While sound from a school may confuse a predator, sounds from a solitary fish can attract predatory attack (New et al. 2001). One possible selective advantage of strongly synchronized ISLR, would be to reduce a predator’s ability to identify the number of individuals based on sound alone. For example, in species that synchronize movement and respiratory sounds, a group may sound like an individual, and an individual like the group, potentially creating hesitation in predators and conveying secondary protection. Together, the benefits of being able to confuse a predator’s inner ear, lateral line, and electrosensory system may have strengthened selection for individuals with the ability to synchronize their movements and respiration to external sound (Larsson 2009, 2012b).

Another advantage of synchronized movement is improved auditory perception of the school due to coordinated onset and cessation of ISLR (Larsson 2009). Noise from a fish’s own movement or from external biotic and abiotic sources can drown out pertinent environmental sounds such as noise from predators or prey (Buerkle 1969; Slabbekoorn et al. 2010). Temporally coordinated movement and respiration in a school could reduce auditory masking because synchronous onset of noise improves auditory grouping (Bregman 1990) and synchronous cessation of movement creates momentary windows of silence, increasing situational awareness by allowing the group to hear predators, prey, and signals from nearby conspecifics (Larsson 2009).

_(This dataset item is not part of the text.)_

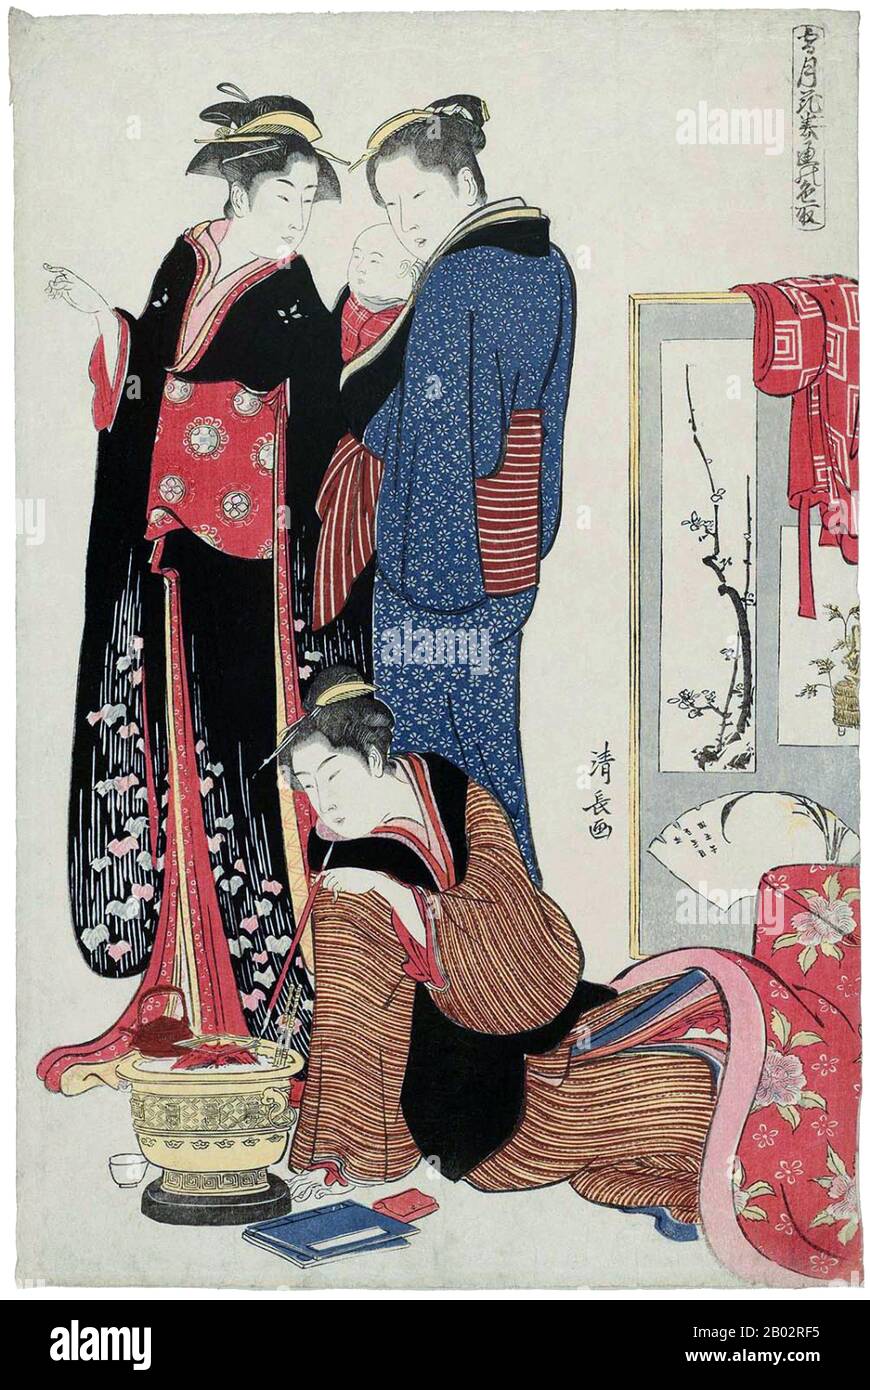 Torii Kiyonaga (鳥居 清長, 1752 - 28. Juni 1815) war ein japanischer Ukiyo-e-Printer und Maler der Torii-Schule. Ursprünglich hatte Sekiguchi Shinsuke, der Sohn eines Edo-Buchhändlers, Torii Kiyonaga als Kunstnamen (gō) übernommen. Obwohl er nicht biologisch mit der Familie Torii verwandt ist, wurde er nach dem Tod seines Adoptivvaters und Lehrers Torii Kiyomitsu Gruppenleiter. Der Meister Kiyomitsu starb im Jahr 1785-858; da sein Sohn jung starb und Kiyotsune, Kiyonagas Senior, ein weniger vielversprechender Künstler war, war Kiyonaga die offensichtliche Wahl, Kiyomitsu als Nachfolger der Leitung der Torii-Schule zu führen. Er dela jedoch Stockfoto
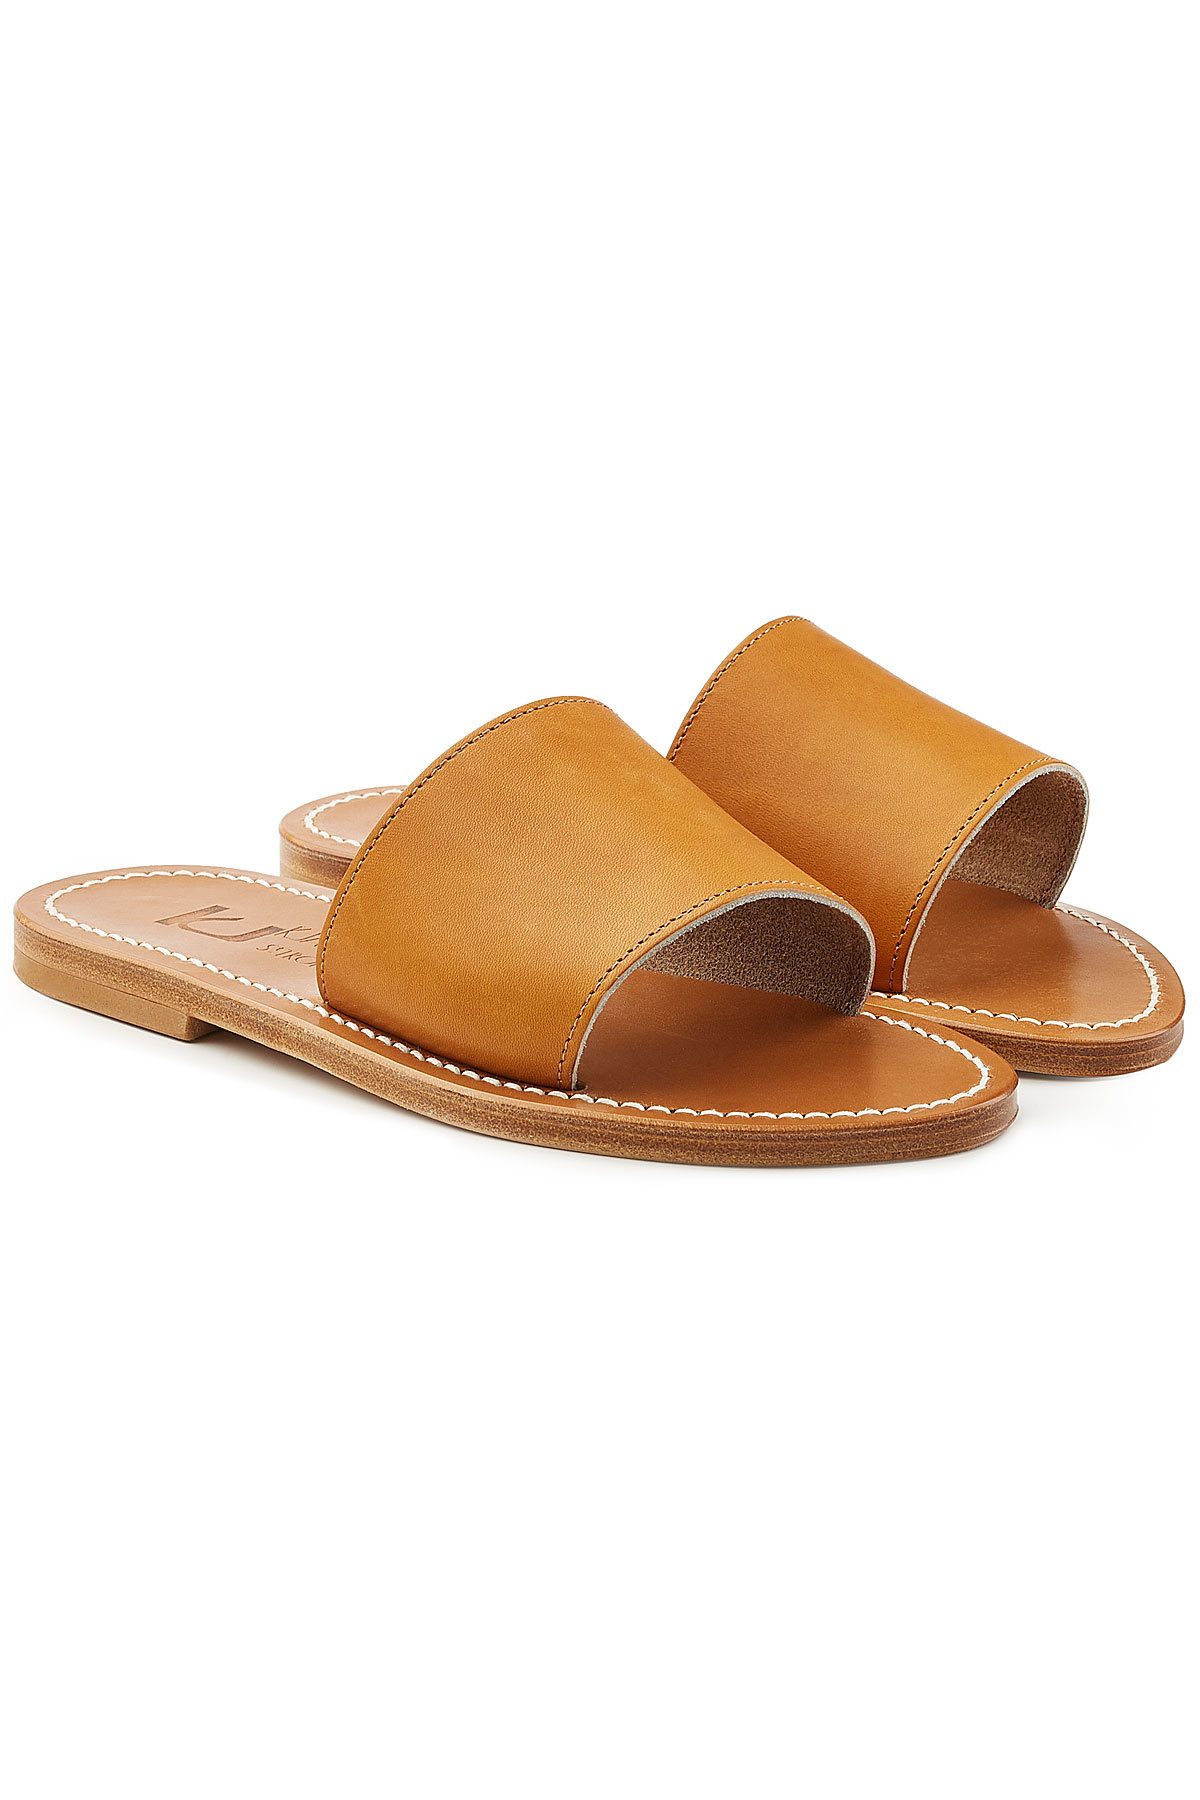 K.Jacques - Capri Leather Sandals

Within a school of fish, ISLR may also play a communicative function, broadcasting information about location and speed (Moulton 1960; Pitcher et al. 1976), and even fitness and social status (Butler and Maruska 2016b). ISLR produced by nearby school members may act as external auditory cues for group synchronization, linking auditory stimuli with motor control (Larsson 2012a, 2014). Since these are the building blocks for the capacity to entrain, the neural and genetic framework for schooling, which is present in cartilaginous and bony fish, could later increase likelihood of the evolution of synchronized vocalization and even vocal learning in some tetrapod species (Bee 2007; Roberts et al. 2013; Wohlgemuth et al. 2014). The communicative function of ISLR could result in an evolutionary positive feedback, with better synchronization resulting in more precise ISLR and in turn improving synchronization (Fig. 1). This feedback would rapidly increase the signal to noise ratio of ISLR, conveying selective advantage to individuals with neural circuitry and genes capable of deciphering complex auditory signals and linking this information with motor control (Lieberman 2001). The fact that reaction times to auditory stimuli are 14–40% faster than for visual stimuli in mammals and birds (Whitchurch and Takahashi 2006; Pain and Hibbs 2007; Shelton and Kumar 2010) could be a consequence of the highly developed auditory-motor circuits inherited from fish.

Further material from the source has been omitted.